Comparative Study of Viscoelastic Arterial Wall Models in Nonlinear One-Dimensional Finite Element Simulations of Blood Flow

[+] Author and Article Information
Rashmi Raghu

Department of Mechanical Engineering, James H. Clark Center, E3.1, 318 Campus Drive,  Stanford University, Stanford, CA 94305,raghu21@stanford.edu

Irene E. Vignon-Clementel

 INRIA Paris Rocquencourt, BP 105, 78153 Le Chesnay Cedex, Franceirene.vignon-clementel@inria.fr

C. Alberto Figueroa

Department of Bioengineering, James H. Clark Center, E382, 318 Campus Drive,  Stanford University, Stanford, CA 94305,cafa@stanford.edu

Charles A. Taylor

Department of Bioengineering, Department of Surgery, James H. Clark Center, E350B, 318 Campus Drive,  Stanford University, Stanford, CA 94305,taylorca@stanford.edu

J Biomech Eng 133(8), 081003 (Sep 06, 2011) (11 pages) doi:10.1115/1.4004532 History: Received March 10, 2011; Revised June 05, 2011; Posted July 06, 2011; Published September 06, 2011; Online September 06, 2011

It is well known that blood vessels exhibit viscoelastic properties, which are modeled in the literature with different mathematical forms and experimental bases.
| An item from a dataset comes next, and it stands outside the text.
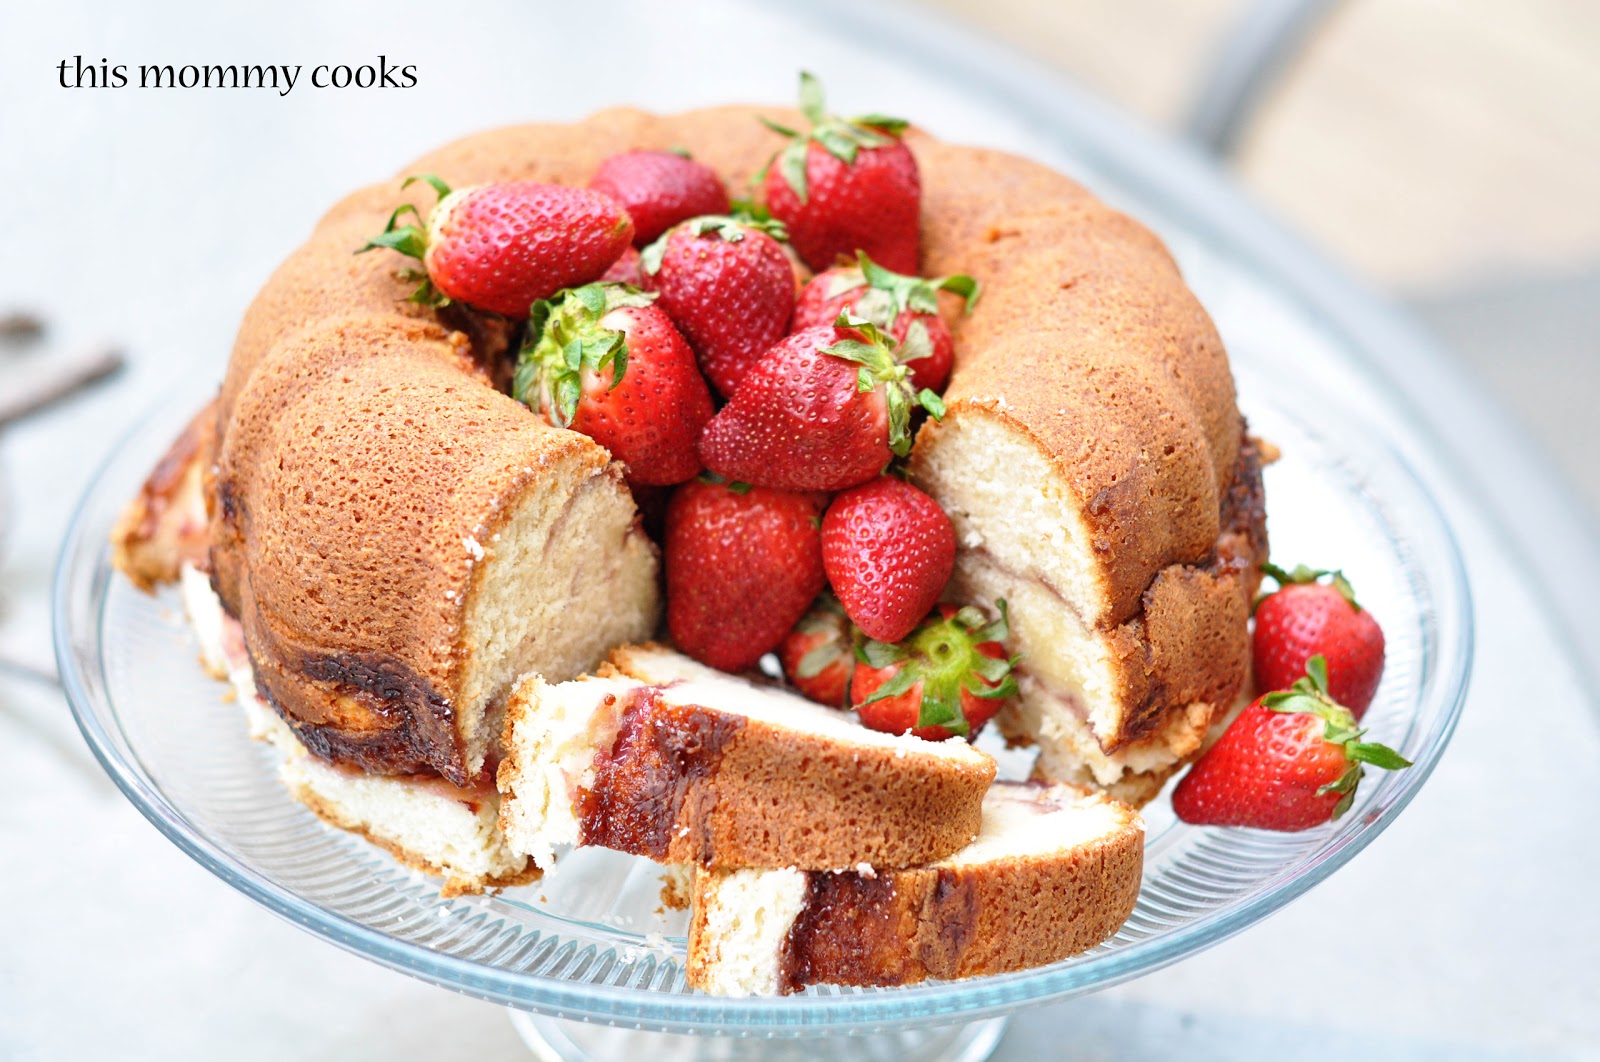 Strawberry bundt cake recipe with strawberry swirl

The wide range of existing viscoelastic wall models may produce significantly different blood flow, pressure, and vessel deformation solutions in cardiovascular simulations. In this paper, we present a novel comparative study of two different viscoelastic wall models in nonlinear one-dimensional (1D) simulations of blood flow. The viscoelastic models are from papers by Holenstein in 1980 (model V1) and Valdez-Jasso in 2009 (model V2). The static elastic or zero-frequency responses of both models are chosen to be identical. The nonlinear 1D blood flow equations incorporating wall viscoelasticity are solved using a space-time finite element method and the implementation is verified with the Method of Manufactured Solutions. Simulation results using models V1, V2 and the common static elastic model are compared in three application examples: (i) wave propagation study in an idealized vessel with reflection-free outflow boundary condition; (ii) carotid artery model with nonperiodic boundary conditions; and (iii) subject-specific abdominal aorta model under rest and simulated lower limb exercise conditions. In the wave propagation study the damping and wave speed were largest for model V2 and lowest for the elastic model. In the carotid and abdominal aorta studies the most significant differences between wall models were observed in the hysteresis (pressure-area) loops, which were larger for V2 than V1, indicating that V2 is a more dissipative model. The cross-sectional area oscillations over the cardiac cycle were smaller for the viscoelastic models compared to the elastic model. In the abdominal aorta study, differences between constitutive models were more pronounced under exercise conditions than at rest. Inlet pressure pulse for model V1 was larger than the pulse for V2 and the elastic model in the exercise case. In this paper, we have successfully implemented and verified two viscoelastic wall models in a nonlinear 1D finite element blood flow solver and analyzed differences between these models in various idealized and physiological simulations, including exercise. The computational model of blood flow presented here can be utilized in further studies of the cardiovascular system incorporating viscoelastic wall properties.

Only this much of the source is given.